Yes, but only tangentially. There are news articles, novel paragraphs and songs that might reference real people or places.

  1. Did you collect the data from the individuals in question directly, or obtain it via third parties or other sources (e.g., websites)?

    Other sources: Gutenberg Project, Sparktech Software and Kaggle.

  2. Were the individuals in question notified about the data collection? (If so, please describe (or show with screenshots or other information) how notice was provided, and provide a link or other access point to, or otherwise reproduce, the exact language of the notification itself.)

    N/A.

  3. Did the individuals in question consent to the collection and use of their data? (If so, please describe (or show with screenshots or other information) how consent was requested and provided, and provide a link or other access point to, or otherwise reproduce, the exact language to which the individuals consented.)

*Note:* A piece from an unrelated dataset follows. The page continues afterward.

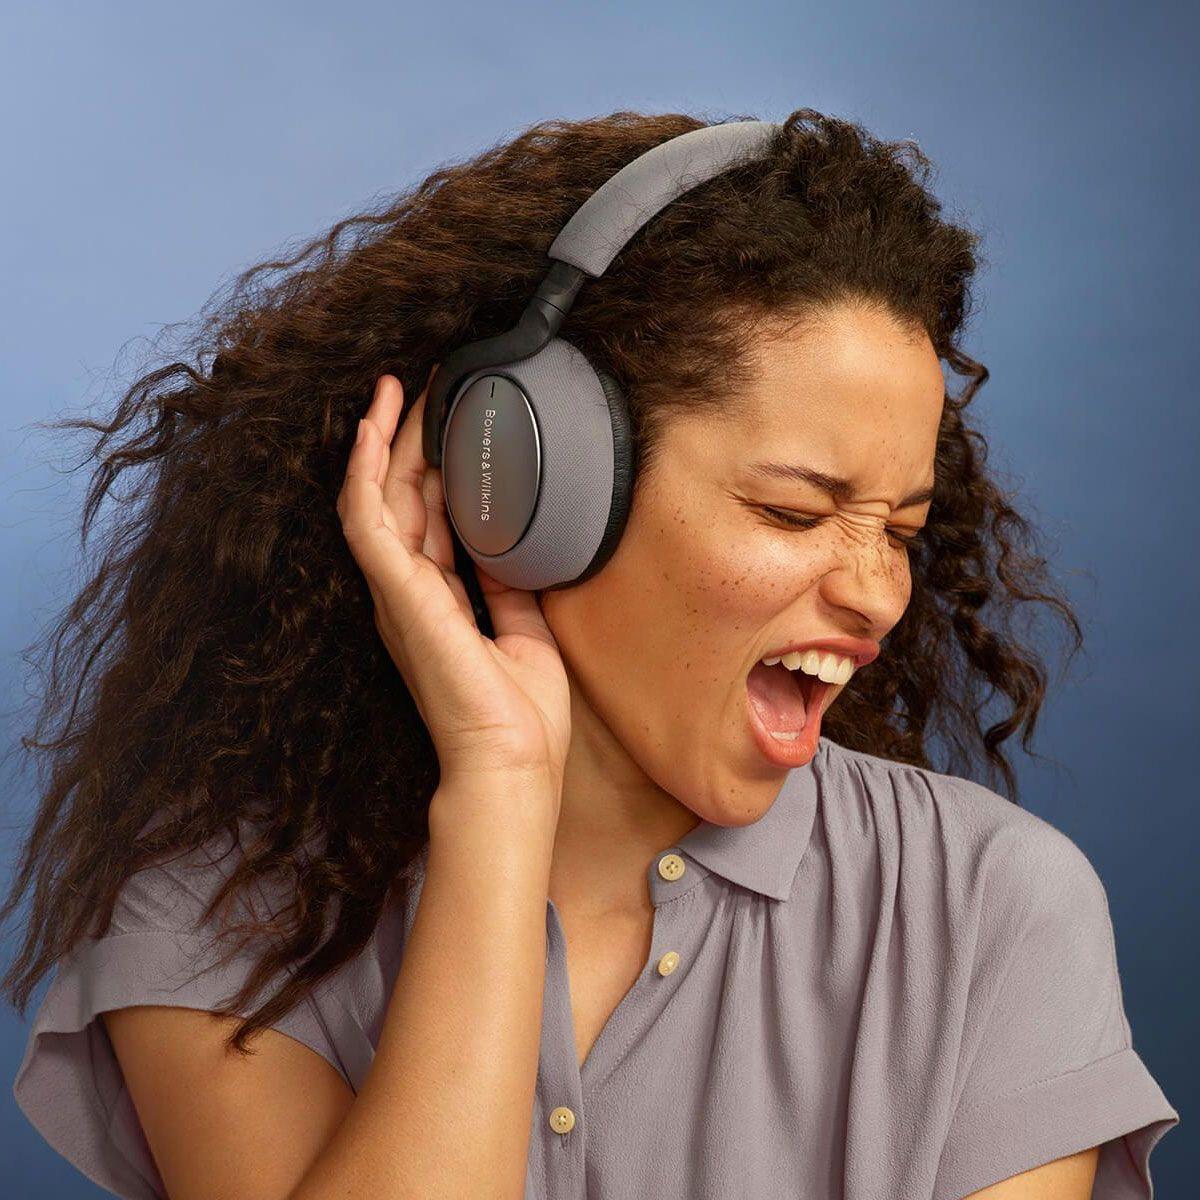 [Lokal]Bowers & Wilkins PX7 kabellose Bluetooth Over-Ear Kopfhörer, Farbe Silber oder Grau, Hirsch+Ille Ludwigshafen/Mannheim

    No. All data sources are public.

  4. If consent was obtained, were the consenting individuals provided with a mechanism to revoke their consent in the future or for certain uses? (If so, please provide a description, as well as a link or other access point to the mechanism (if appropriate).)

    N/A.

  5. Has an analysis of the potential impact of the dataset and its use on data subjects (e.g., a data protection impact analysis) been conducted? (If so, please provide a description of this analysis, including the outcomes, as well as a link or other access point to any supporting documentation.)

    No.

  6. Any other comments?

    None.

Preprocessing/cleaning/labeling

  1. Was any preprocessing/cleaning/labeling of the data done (e.g., discretization or bucketing, tokenization, part-of-speech tagging, SIFT feature extraction, removal of instances, processing of missing values)? (If so, please provide a description. If not, you may skip the remainder of the questions in this section.)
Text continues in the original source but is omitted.